The EU Commission is proposing to allocate €56 million to compensate farmers who have been impacted by increased imports of grain from Ukraine.

European Commissioner for Agriculture Janusz Wojciechowski told this week’s meeting of the EU Council that the proposed funding would come from the agricultural reserve.

The funding will aim to limit the impact of market imbalances on planting decisions of farmers.

Farmers

Farmers in countries bordering Ukraine have been expressing concerns about effects of the increased imports of Ukrainian cereals and oilseeds on local markets.

Following analysis of the situation by the EU Commission, it proposed to allocate €29.5 million to Poland, €16.75 to Bulgaria and €10.05 million to Romania.

The three countries can match this EU support up to 100% with national funds which would amount to a total financial aid of €112.6 million for affected farmers.

The financial aid would be allocated to the three member states which will then distribute it to farmers as soon as possible.

It is expected that farmers in the three countries will receive payments by the end of September.

Poland, Romania and Bulgaria will also have to inform the commission how the funds were distributed and how they helped farmers.

The commission’s draft measure is currently being discussed with member states with a vote due to take place on March 30.

Ukraine

Meanwhile, the United Nations (UN) confirmed on Saturday (March 18) that the Black Sea Grain Initiative allowing Ukraine to export grain and agricultural produce has been extended.

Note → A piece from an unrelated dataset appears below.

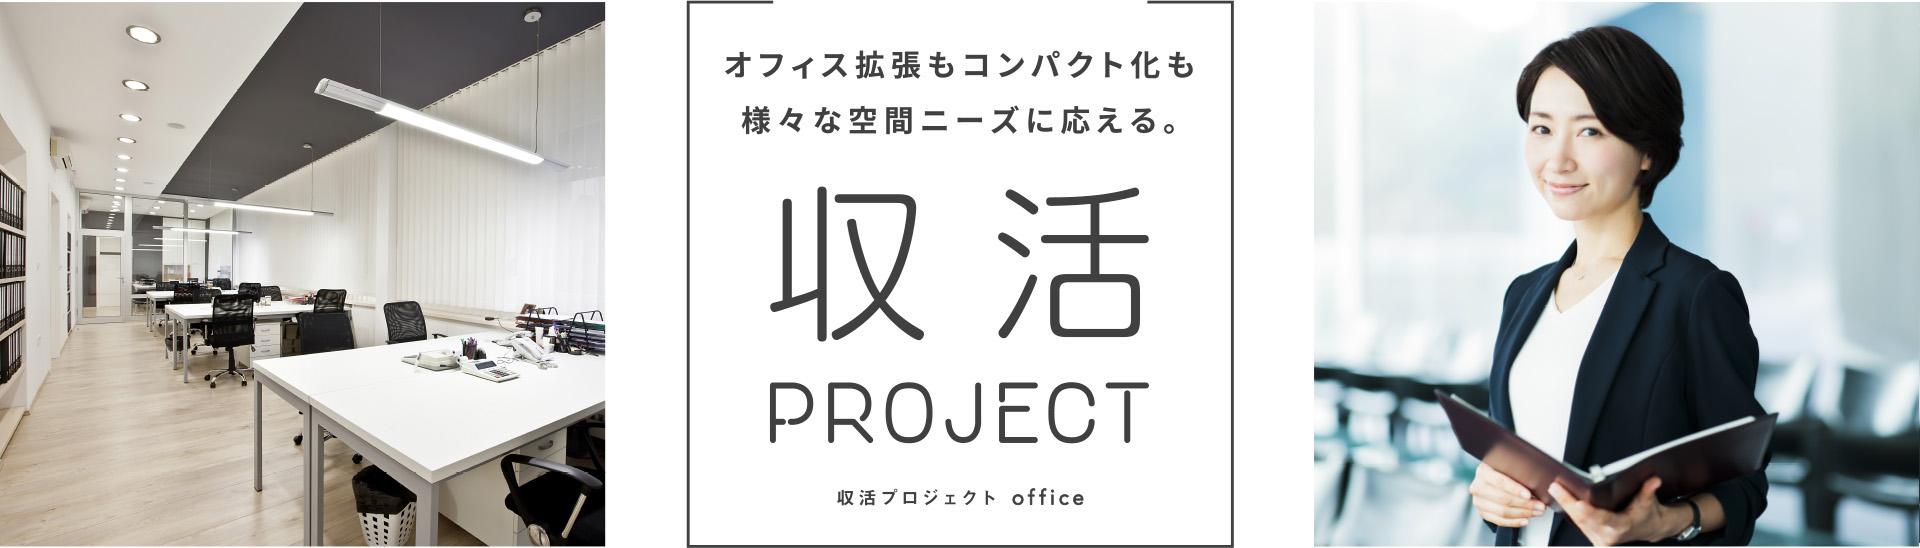 収活プロジェクト

25 million metric tonnes of grain and foodstuffs have been shipped to 45 countries since the initiative began.

The agreement, brokered by the UN and Turkey, had been due to expire on March 19.

The UN statement did not specify how long the deal, which has until now operated on a 120-day cycle, would be extended for.

Russia said that it was willing to extend the measure, but only for another 60 days.